No quiero dar placer oral

Motivo número 1: el sabor es desagradable.
Eso tenemos que admitirlo todas, el sabor de nuestras partes no tiene por qué ser el mejor del mundo, depende mucho de cada persona. Cada una tenemos un sabor diferente, aunque parecido, que no tiene que ver en absoluto con la higiene personal. Aquí no entra cuántas veces te lavas, sino cuál es tu sabor propio y característico. Consejo: Si tuviste una mala experiencia,  quizá quieras volver a intentarlo. Prueba con los lubricantes de sabores.
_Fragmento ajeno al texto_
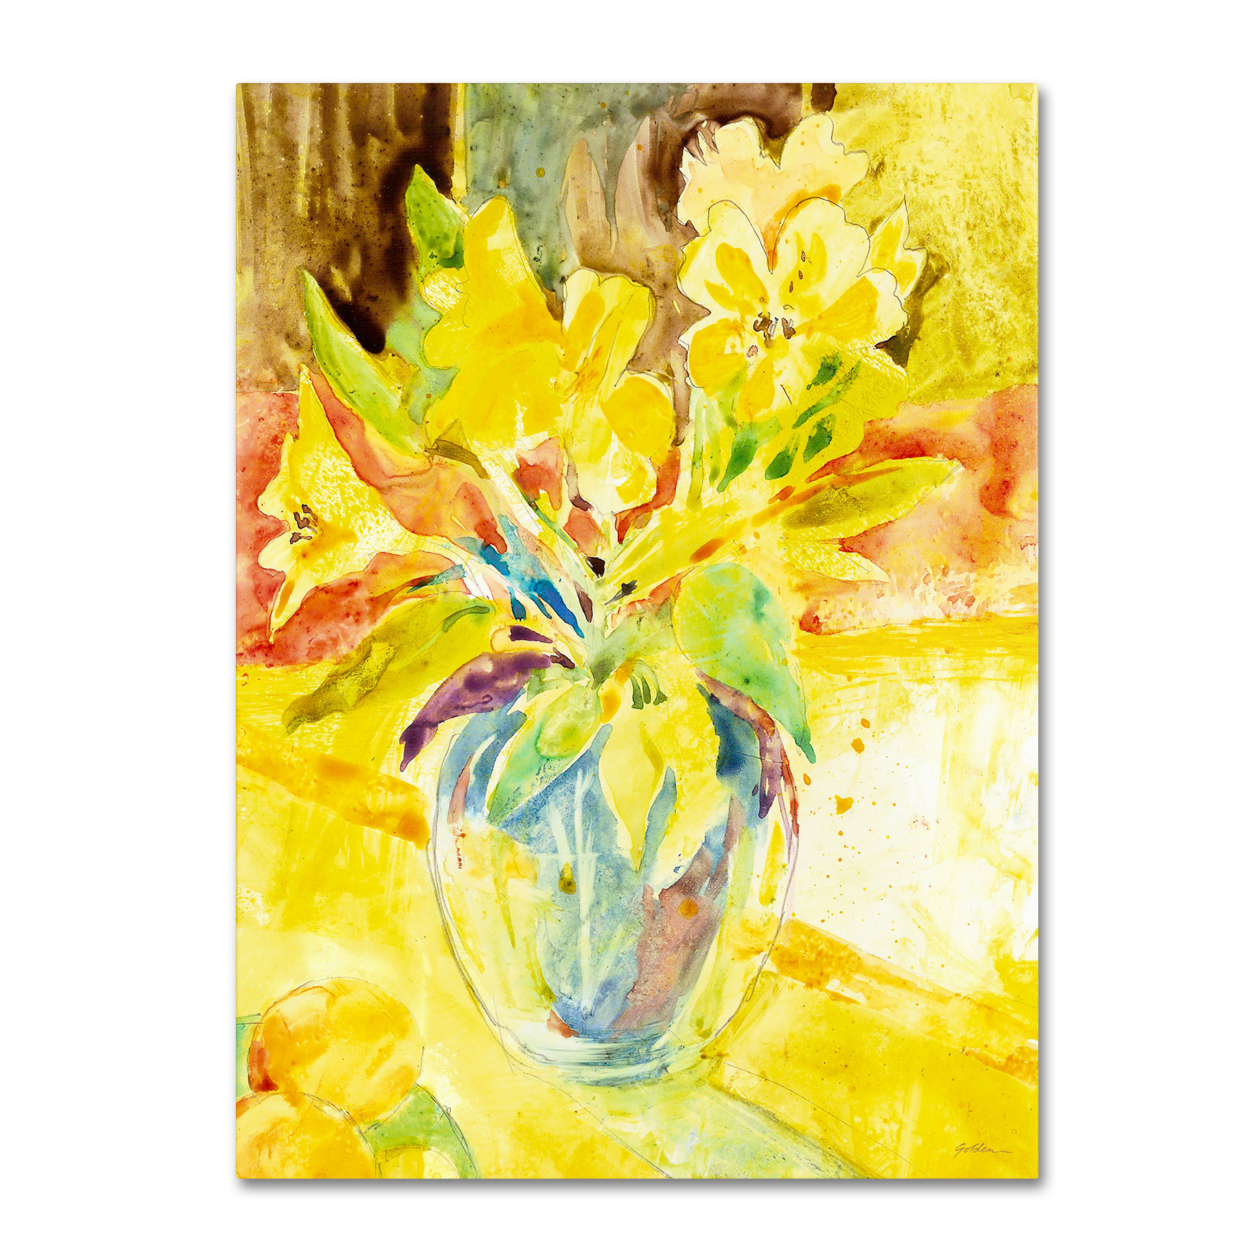 Sheila Golden 'Vase With Yellow Flowers' Canvas Wall Art 35 X 47 Inches

Reducirán el olor y, a decir verdad, ¡algunos están deliciosos!

Motivo número 2: el olor tira para atrás.
Si este es tu motivo, es comprensible. Tiene que ser muy desagradable meter tu boca en un sitio que huele igual a los pescados podridos de Asterix y Óbelix. Aunque puede haber una explicación para semejante hedor:

  1. Su olor corporal es muy fuerte, lo cual no tiene demasiada solución, salvo que se lave justo antes de practicar sexo oral o lo practiquéis en la ducha (quizá esto reduzca un poco ese olor).
  2. Quizá la mujer sufra vaginosis bacteriana, una afección que provoca un “olor a pescado” muy característico. Consejo: El médico podrá echarte una mano con ello (no literalmente, claro) y tomad precauciones, podría infectarte a ti también.

Motivo número 3: le da repelús.
Puede que simplemente los genitales no gusten físicamente, tiren para atrás de hecho. Es más común de lo que parece. No a todo el mundo le gusta la forma de sus genitales o los de su pareja (para qué engañarnos, no tienen una forma demasiado atractiva). Consejo: Probad a mirar vuestros genitales, a conocerlos, quizá así podáis aceptar mejor los de ambos. Otra opción puede ser vendarse los ojos. No verá nada y además puede convertirse en un juego bastante divertido. Piensa sobre ello, quizá os guste esta idea.

Motivo número 4: no disfruta haciéndolo.
Es un motivo tan válido como cualquier otro. Hay prácticas que no tienen por qué gustar aunque a otras personas sí. Las relaciones sexuales están para ser disfrutadas y vividas en libertad, sin ningún tipo de presión o coacción por parte de nadie. Si pides a tu pareja que lo haga pero no quiere porque no le gusta, deberéis hablarlo; en estas cosas, la comunicación es primordial. Si no lo acepta, tendréis que buscar una solución que no os desagrade a ninguno de las dos.

Motivo número 5: creo que no voy a saber hacerlo.
Si lo que le da miedo es no satisfacerte, es el problema que más fácil solución tiene. Pídele a tu pareja que te deje enseñarle, cómo quieres que te lo haga.  Puede convertirse en un juego muy divertido, maestra y aprendiz, y será una manera de quitarse ese miedo (entre otras). ¿A qué estás esperando para que te den una lección?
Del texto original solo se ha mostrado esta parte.